No i uświadomiłam sobie, że to ostatni czas na pobycie z Gabi przez większośćdnia bo za 2 lata szkoła obowiązkowo a i Małgosia pójdzie do żłobka jak skończy 2 latka (akurat jedna do 1 klasy, druga do złobka a ja do pracy na cały etat). Co do kasy to będzie skromnie ale miałam do wyboru albo zostać w domu i zajmowac sie dziewczynkami i dorabiać wieczorami albo wrócić na cały i nie widzieć córek przez 9h dziennie a najmłodszą oddać w obce ręce. No i wybrałam:-):-):-).
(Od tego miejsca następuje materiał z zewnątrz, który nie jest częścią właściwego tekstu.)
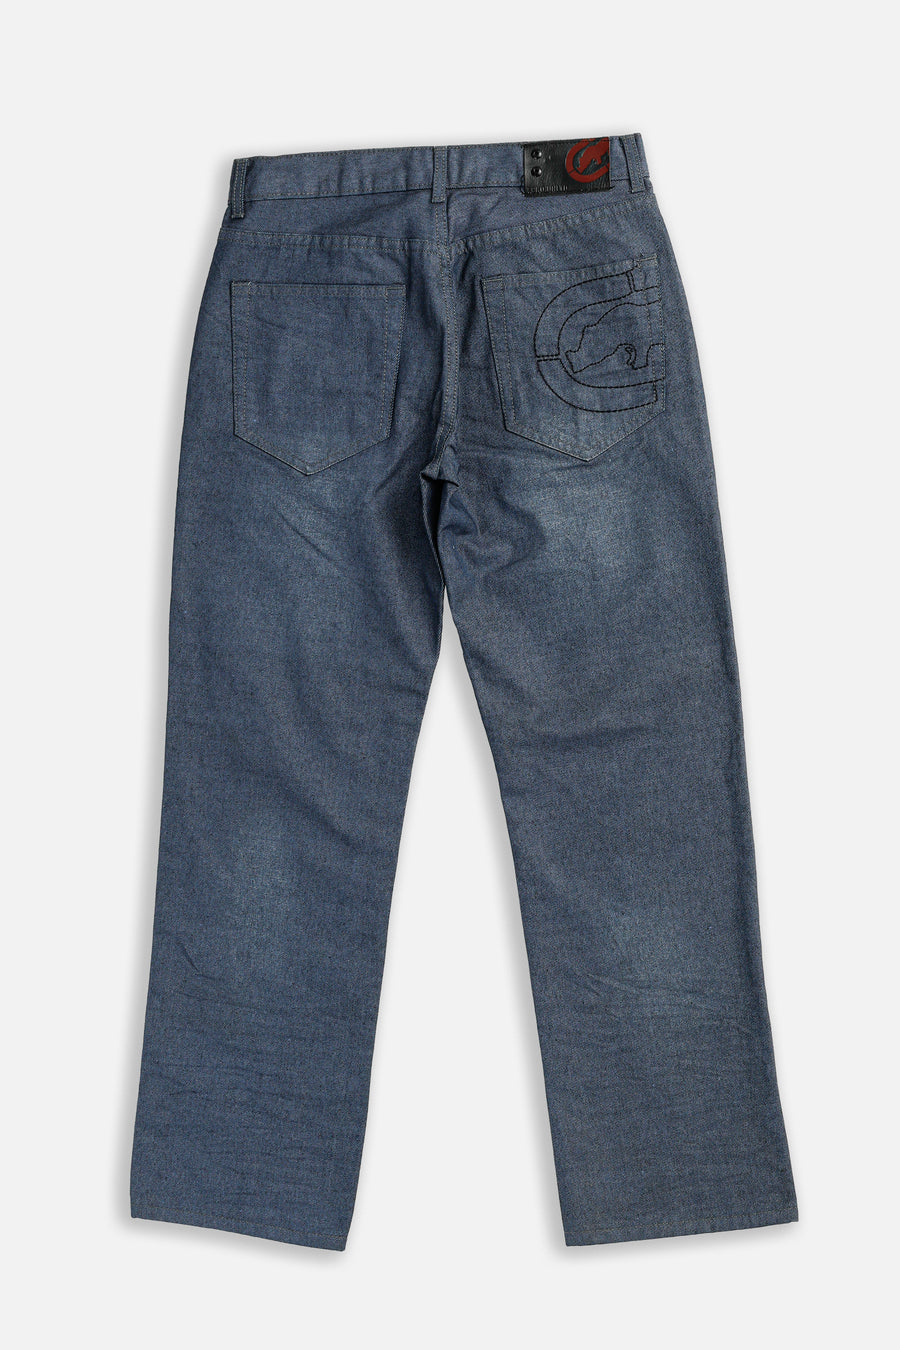 Vintage Ecko Denim Pants - W30

dorota - aktualizuj swój stan:tak:, trzymamy kciukasy:tak: i już nawet sie trochę nieciepliwimy w tym oczekiwaniu na Leniuszka (Mądrego bo gdzie będzie lepiej;-)).
 
reklama
agadaria - moja starsza córcia ma chwyt buldoga i czasem za mocno ściśnie w siostrzanym uścisku, to czasem huknie aby była ciszej (Gabi robi się niespokojna jak Małgosia płacze i woła abym dała jej cyca) albo bez ceregieli wyciąga spod łózka ale też umie skutecznie rozśmieszyć, zagadać i delikatnie przytulić, zależy od humoru, czym w danej chwili jest zaabsorbowana itp.Po prostu normalnie:-):-):-).